Getty Images v Stability AI [2025] EWHC 3343 (Ch)

Following her long-awaited judgment in the High Court case of Getty Images v Stability AI [2025] EWHC 3343 (Ch) (which we reported on here), Mrs Justice Joanna Smith was asked to consider applications by both parties for permission to appeal aspects of the case. The claimants (Getty Images and others) sought permission to appeal the dismissal of their claim for secondary infringement of copyright. Mrs Justice Smith granted permission to appeal on this issue, noting that it raised a pure question of law—specifically, the statutory construction of the term “infringing copy” under the Copyright, Designs and Patents Act 1988 (CDPA) in the context of AI models. She emphasised that this was a novel and important point, not previously considered by the courts, with potentially far-reaching implications for AI and software more generally. Accordingly, she has allowed Getty to pursue all their proposed grounds of appeal on this issue before the Court of Appeal.

However, the factual finding made by Mrs Justice Smith at first instance complicates this appeal. At first instance, while Mrs Justice Smith found that electronic copies stored in an intangible medium (such as an AI model) could constitute “infringing copies” under the Copyright, Designs and Patents Act 1994 (CDPA), she also found that AI models such as Stable Diffusion do not store copies of training data in the model weights. According to existing case law, if an article does not constitute a reproduction of a copyright work, then it cannot be an “infringing copy” under the CDPA. This raises the question of whether the first instance decision on this point can actually be reversed, if the factual findings made by Mrs Justice Smith are not overturned.

Conversely, the Judge refused the defendants, Stability AI’s, application for permission to appeal her findings of trade mark infringement. She found that the grounds advanced by the defendant had no real prospect of success, as they largely sought to challenge her factual findings and the identification of the average consumer in the context of watermarks. Mrs Justice Smith concluded that her findings were well-supported by the evidence and that Stability AI’s arguments did not meet the threshold for permission to appeal. Accordingly, should Stability AI still wish to appeal, they will need to seek permission directly from the Court of Appeal.

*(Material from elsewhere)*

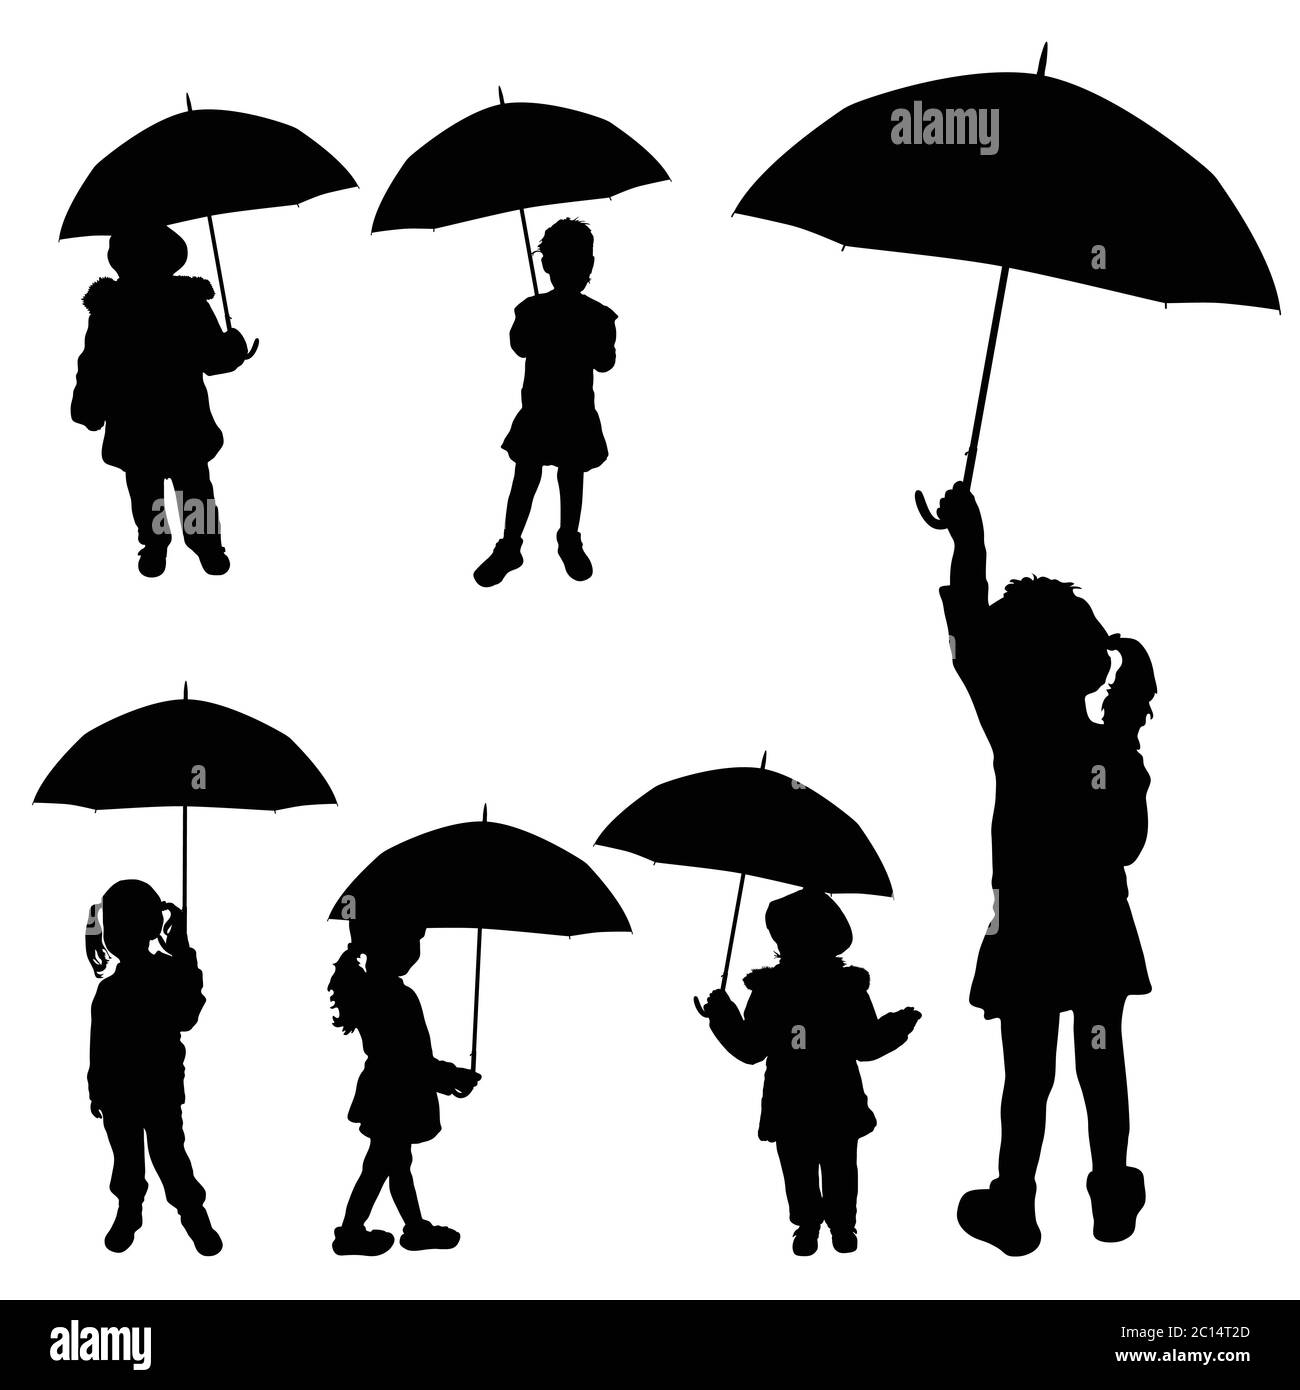 Kind Mädchen hält Regenschirm Silhouette auf weiß Stock-Vektorgrafik - Alamy

Interestingly, on 5 January 2026, the Judge ordered Getty Images to pay about 70% of Stability AI’s costs (despite Getty Images being a narrow winner on the trade mark claim). Further, Getty Images has been ordered to make an interim payment to Stability AI of about £4.4m (plus interest) in legal costs. These costs orders may be revisited upon appeal. The Judge has also ordered an inquiry as to damages on Stability AI’s (limited) acts of trade mark infringement.

In late 2024, the UK Government launched a consultation on copyright and artificial intelligence, which attracted substantial public interest—garnering over 11,500 responses before closing in February 2025. The consultation addressed a range of issues concerning generative AI and copyright law, and set out three broad options for intervention in this area, in addition to an option to make no changes to the current system. By way of reminder, the options proposed were as follows:

  • Option 0: Do nothing: Copyright and related laws remain as they are
  • Option 1: Strengthen copyright requiring licensing in all cases
  • Option 2: A broad data mining exception
  • Option 3: A data mining exception which allows right holders to reserve their rights, underpinned by supporting measures on transparency (government’s preferred option)

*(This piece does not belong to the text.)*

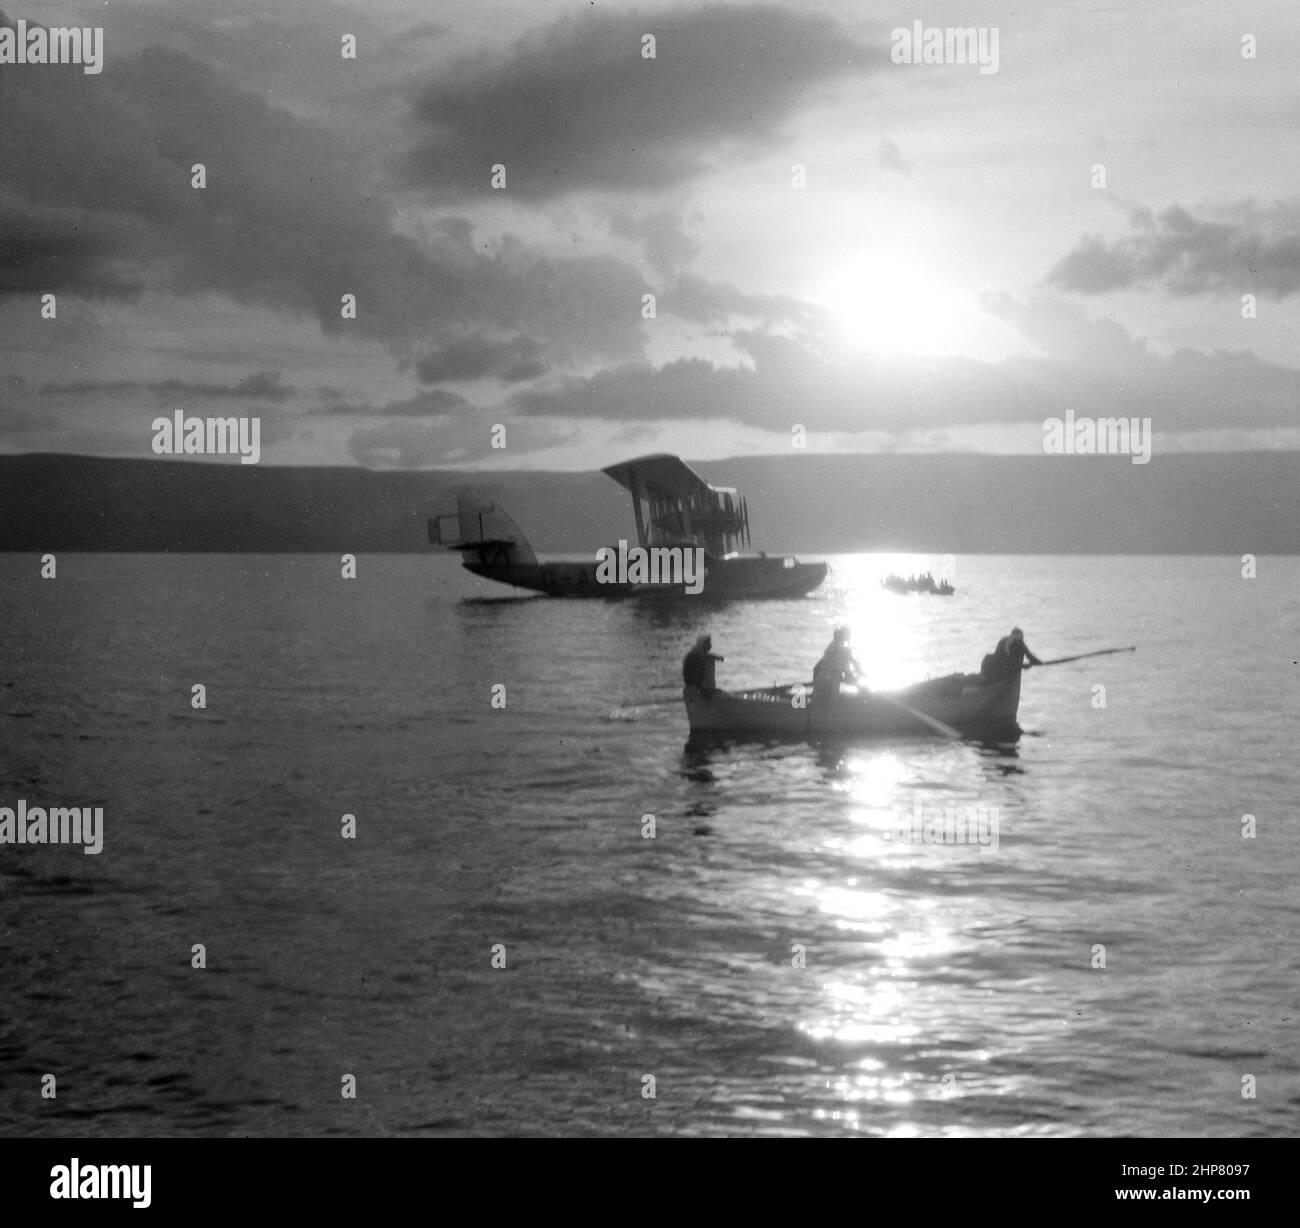 "Storia dell'Oriente del Migdino: Barca volante 'Satiro' sul Mare di Galilea ca. 1935 Località: Israele ca. 1935' Foto Stock

The most controversial of these was Option 3, which sparked strong opposition, particularly from major stakeholders in the creative industries, and led to extensive debate in Parliament. The controversy culminated in a legislative compromise during the passage of the Data (Use and Access) Act (DUAA). As a result, the Secretary of State for Science, Innovation and Technology is now required to publish two key documents by 18 March 2026: (1) an economic impact assessment of the options proposed by the UK Government’s consultation on copyright and AI; and (2) a report on the use of copyright works in AI development. In the interim, and as mandated by the DUAA, the Government has released a progress statement on these matters, ahead of the final report’s publication.

On 15 December 2025, the UK Government published its “Copyright and artificial intelligence statement of progress under Section 137 Data (Use and Access) Act”. The progress statement details the government’s extensive engagement with stakeholders as part of the consultation process; and provides a statistical overview of the consultation responses.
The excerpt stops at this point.